Tilmicosin is a semi-synthetic macrolide antibiotic exclusively used for livestock and poultry, derived from the hydrolysis product of tylosin. Tylosin reacts with 3,5-dimethylpiperidine to form tilmicosin base, which is then combined with phosphoric acid and water to produce tilmicosin phosphate.
Tilmicosin phosphate mainly acts against Gram-positive bacteria and is also effective against a few Gram-negative bacteria and mycoplasma. Its activity against *Actinobacillus pleuropneumoniae*, *Pasteurella*, and livestock/poultry mycoplasma is stronger than that of tylosin.

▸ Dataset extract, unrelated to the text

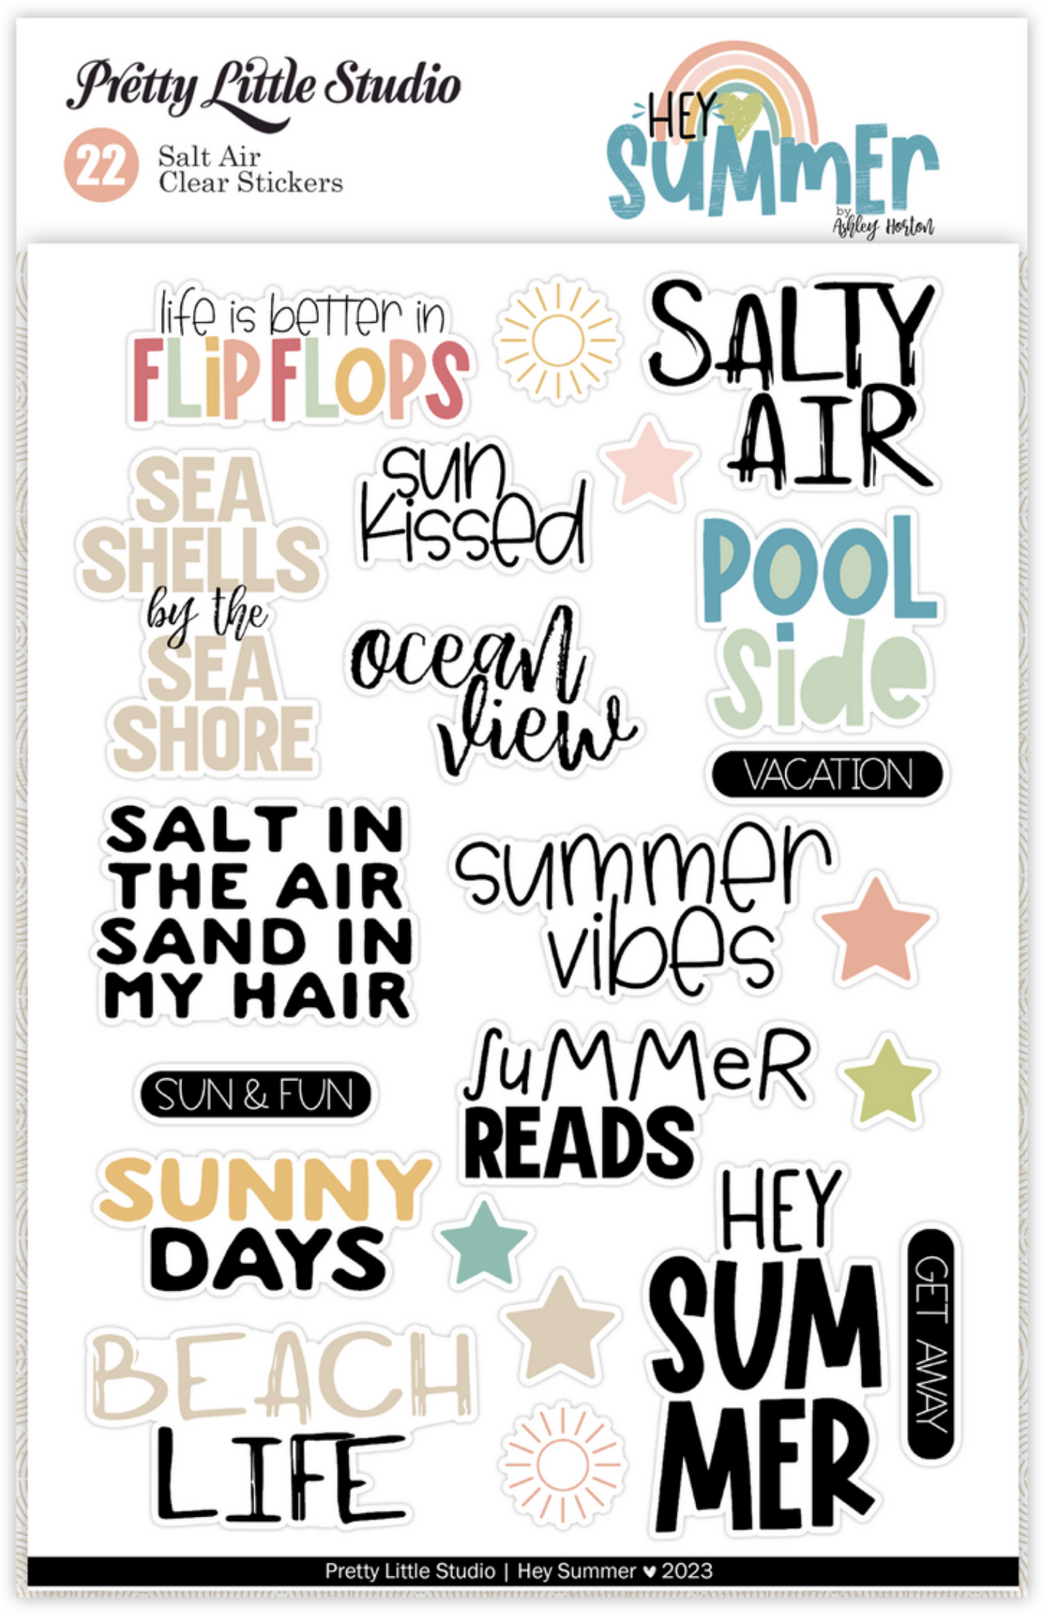 Hey Summer - Salt Air Clear Stickers
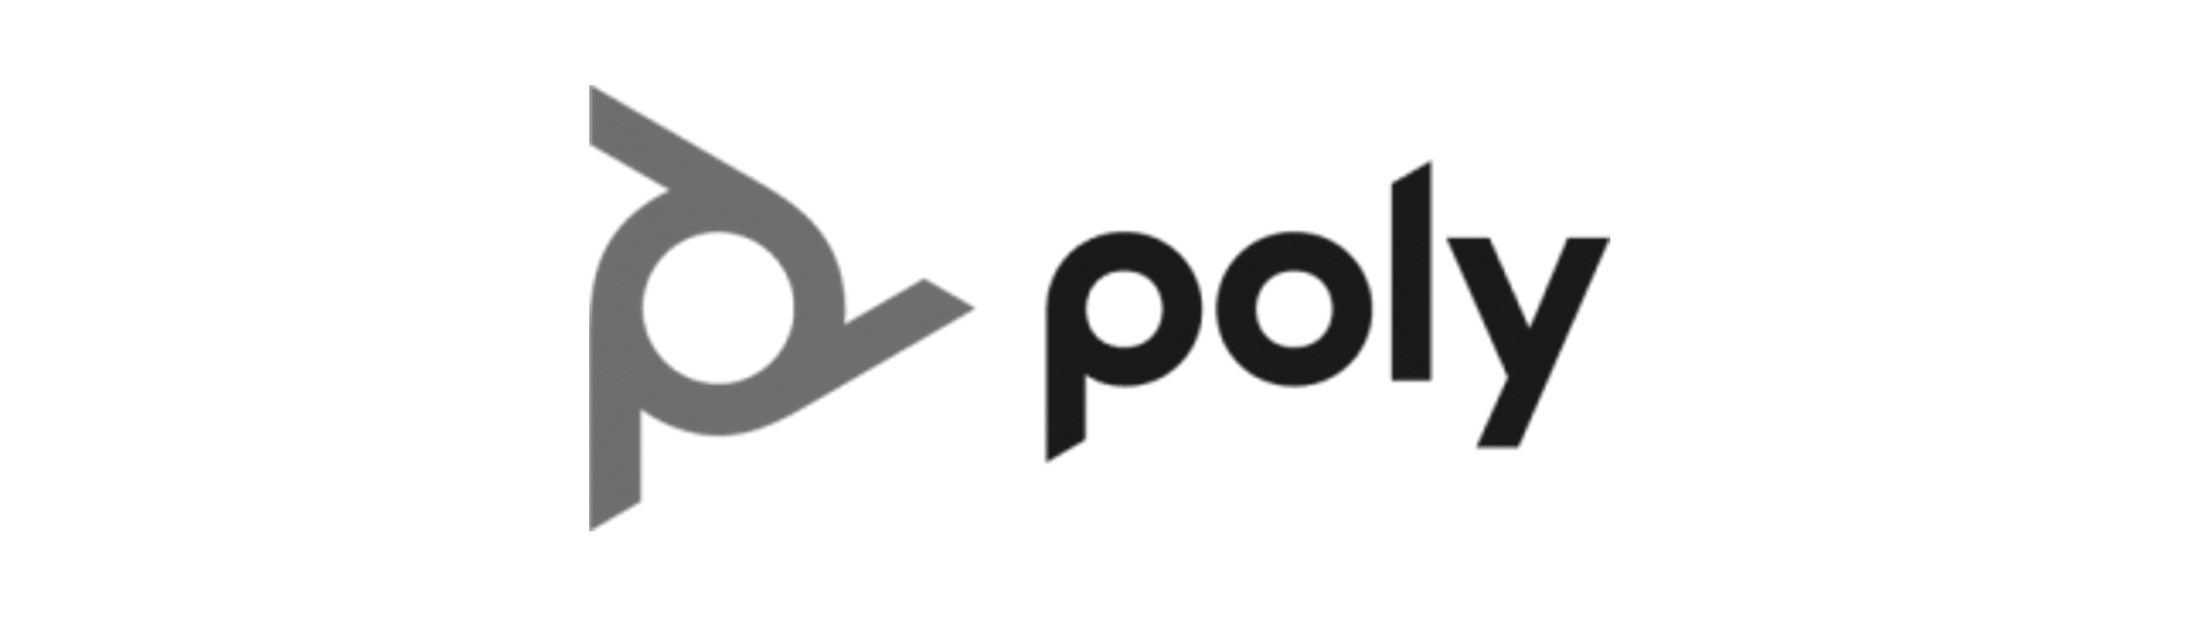 poly-logo-02

It is rapidly absorbed, has strong tissue penetration, and a large volume of distribution.
Mechanism of Action:
It reversibly binds to the 50S subunit of bacterial ribosomes, blocking transpeptidation and mRNA translocation, thereby inhibiting bacterial protein synthesis and exerting bacteriostatic effects.
3 invention patents, high potency, highly soluble without precipitation, Xixiang Tilmicosin Phosphate standard-setter, internationally applicable
● Pharmacodynamics: Tilmicosin is an animal-specific semi-synthetic macrolide antibacterial agent. Its antibacterial activity is similar to tylosin, with strong inhibitory effects against Gram-positive bacteria, partial Gram-negative bacteria, mycoplasma, spirochetes, etc. Notably, its antibacterial activity against Actinobacillus pleuropneumoniae, Pasteurella, and avian/livestock mycoplasma is stronger than tylosin. 95% of Pasteurella haemolytica strains are sensitive to this product.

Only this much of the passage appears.